2006 Brute Force 750i

Just bought a Brute and it seems like the guy I bought it from has jetted it wrong. The bike starts and idles fine but when I ride between 0-15mph it backfires rarely but when I begin to exceed 15mph it sputters terrible and wont climb much over 25mph. When I removed the air box lid today to test it it ran much stronger with only mild sputtering and missing. 
I ride at nearly sea level and the guy I bought it from has the Dyno-jet DJ144(front) and DJ150(rear) jets installed. Note, the bike is snorkeled with 2in intake and also has an HMF slip on exhaust. Im sort of new with rejetting atvs so any help from someone running a similar set up or someone who knows what I should try would be appreciated. I need a good starting point. Thanks in advance.


----------



## dodge2500 (Jan 3, 2013)

do u hear eny poping comeing from the air box because i am running a 150 frount and 155 back and i am still a lil on the lean side withe 3 turns on air fuel mix about to go up to 155 frount and 160 rear with same set up as urs 2 inch intake and hmf slip on


----------



## JakeSonnier (Feb 12, 2013)

I haven't heard any popping from the air box but then again, I haven't listened for it. Let me know how that set up works out for you.


----------



## bruteforce_ttu (Jul 5, 2012)

dodge2500, his jet sizes are dynojet, not keihin.

To me you those seem a little too big. I'm running DJ140 f&r on the set up in my sig. Though I'm a 650 and not 750, it shouldn't be too far off.

Do you know if the pilot jets are 38's or 40's?

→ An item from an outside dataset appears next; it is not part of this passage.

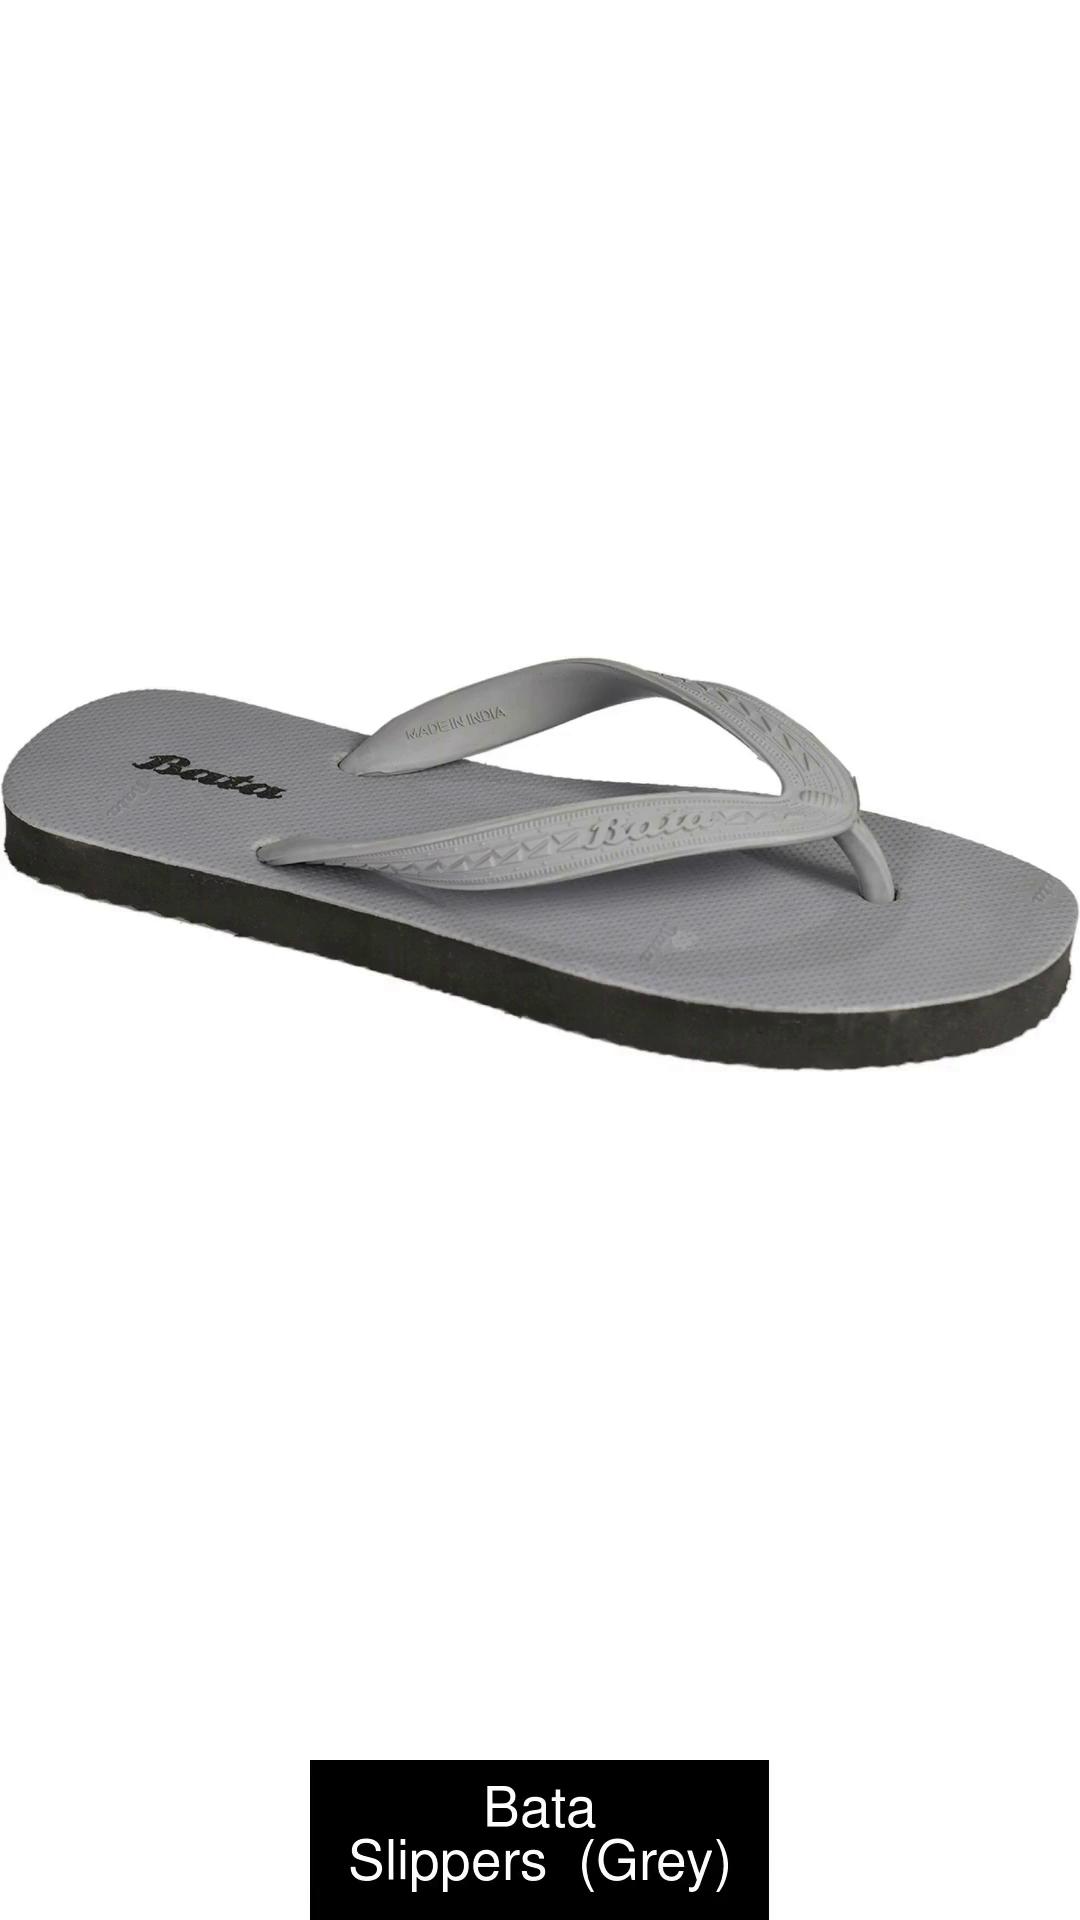 Bata Mens Slip-on Sandal Hawai Shoes price from jumia in Kenya - Yaoota!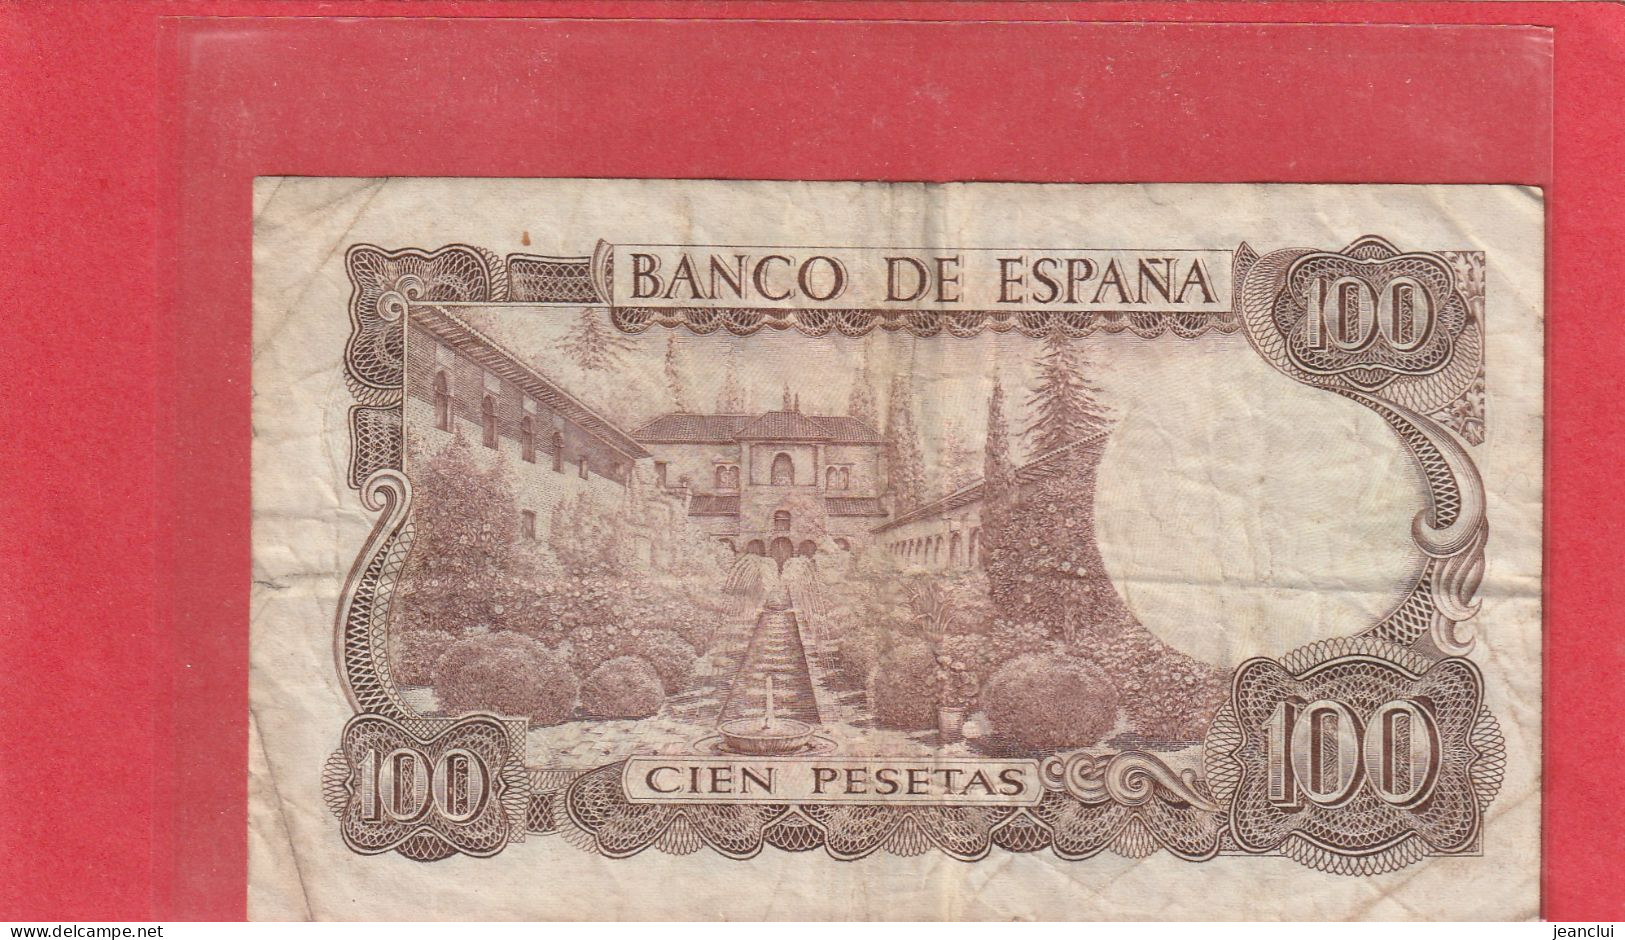 EL BANCO DE ESPANA  .  100 PESETAS  .  17-11-1970  .  N°  7S5865213 .  2 SCANNES  .  BILLET USITE - 100 Pesetas

They should prob be 40's.


----------



## JakeSonnier (Feb 12, 2013)

bruteforce_ttu, so I should downsize my jets you think? 
Dodge2500, is there a way to convert your jets to my Dynojet sizes so I should know about what I need?


----------



## bruteforce_ttu (Jul 5, 2012)

Check you pilot jet sizes first.

Here is a link to a table converting main jet sizes.
MudInMyBlood Forums Carb Jet Cross-Reference Chart

Here is a link to carb jetting guide.
MudInMyBlood Forums General Carb Jetting Guide


----------



## dodge2500 (Jan 3, 2013)

*that is what i have is dyno jets and still running lean poping threw carbs and pipes getting hot thats y i need to move up another size would rather run rich then to lean was worse just ajusted air fuel mix wasent enuf gana need to up size jet and louisiana brute thats probly all u need is to go up a size but befor u do try ur air fuel mis should be 2.5 turns out i added another half turn. i will have to go 2.25 turns out on the next jetting *

---------- Post added at 12:16 PM ---------- Previous post was at 12:11 PM ----------

*but befor i change my jets i will ajust my needel first have it on the 4th noch now put one # 3 brass washer under the needel first*


----------



## hondaforman06 (Jun 29, 2012)

what the stock jet size for brute 750 got dj jet kit got 146 fron 148 rear and still runnen rich as hell. please help me ive broke and cant get rite


----------